Canadian ice hockey player

Tyler Redenbach (born September 25, 1984) is a Canadian former ice hockey centre. He was selected 77th overall by the Phoenix Coyotes in the 2003 NHL entry draft.

==Career==
Prior to playing in Europe, Redenbach had played 155 regular-season games in the American Hockey League for the Providence Bruins, San Antonio Rampage, and Grand Rapids Griffins.

Following the 2010–11 SM-liiga season, Redenbach signed a two-year contract with the Swiss EHC Olten. However his contract was terminated early and he signed with Helsingin IFK a day later in January 2012.

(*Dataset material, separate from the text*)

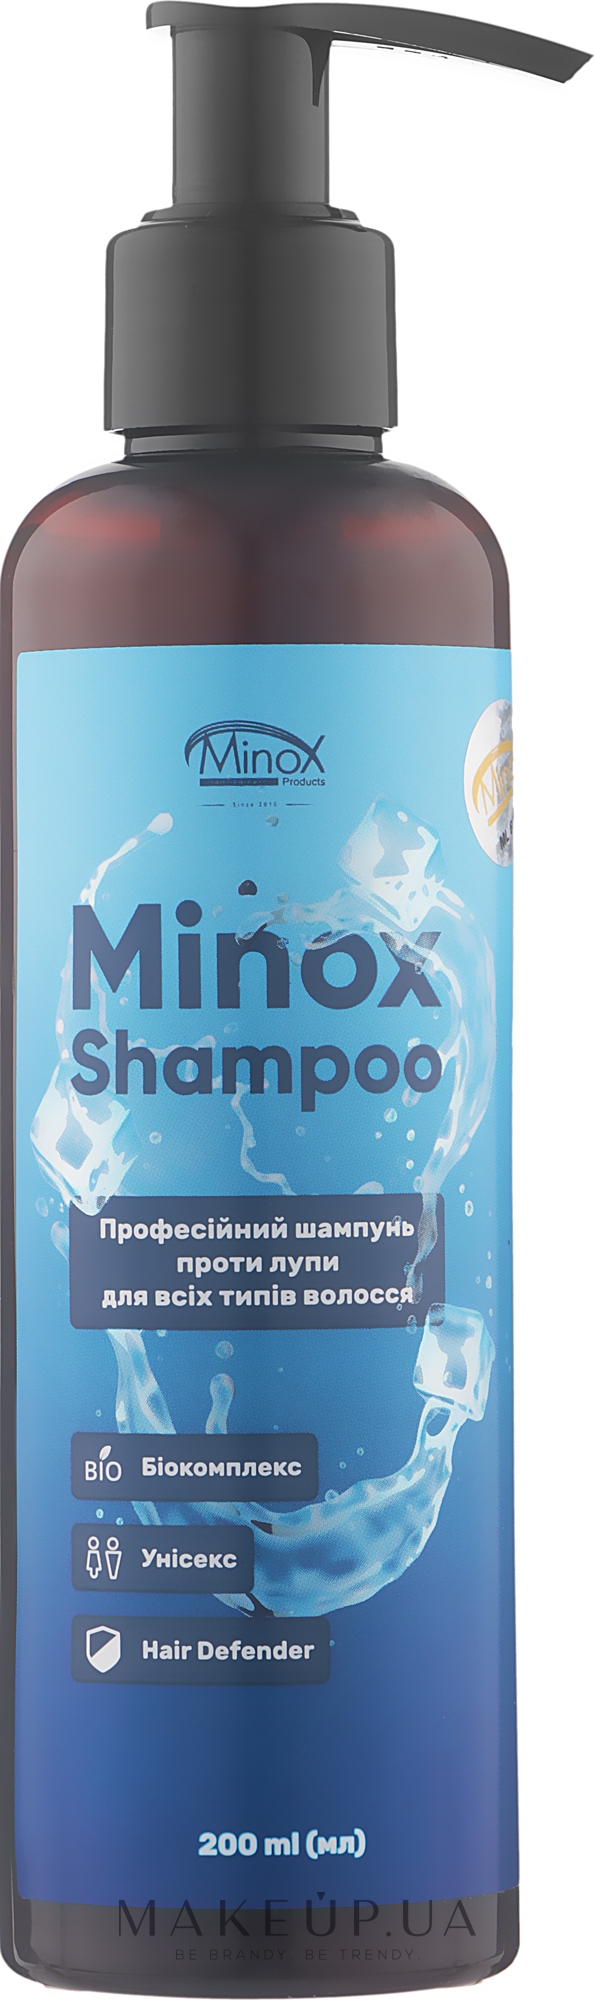 Шампунь проти лупи для всіх типів волосся - MinoX Shampoo — фото 200ml

On February 15, 2015, during the 2014–15 season in the Liiga with Lahti Pelicans, Redenbach was released from his contract due to financial pressures and signed from the remainder of the campaign with Swiss club, HC Davos of the National League A.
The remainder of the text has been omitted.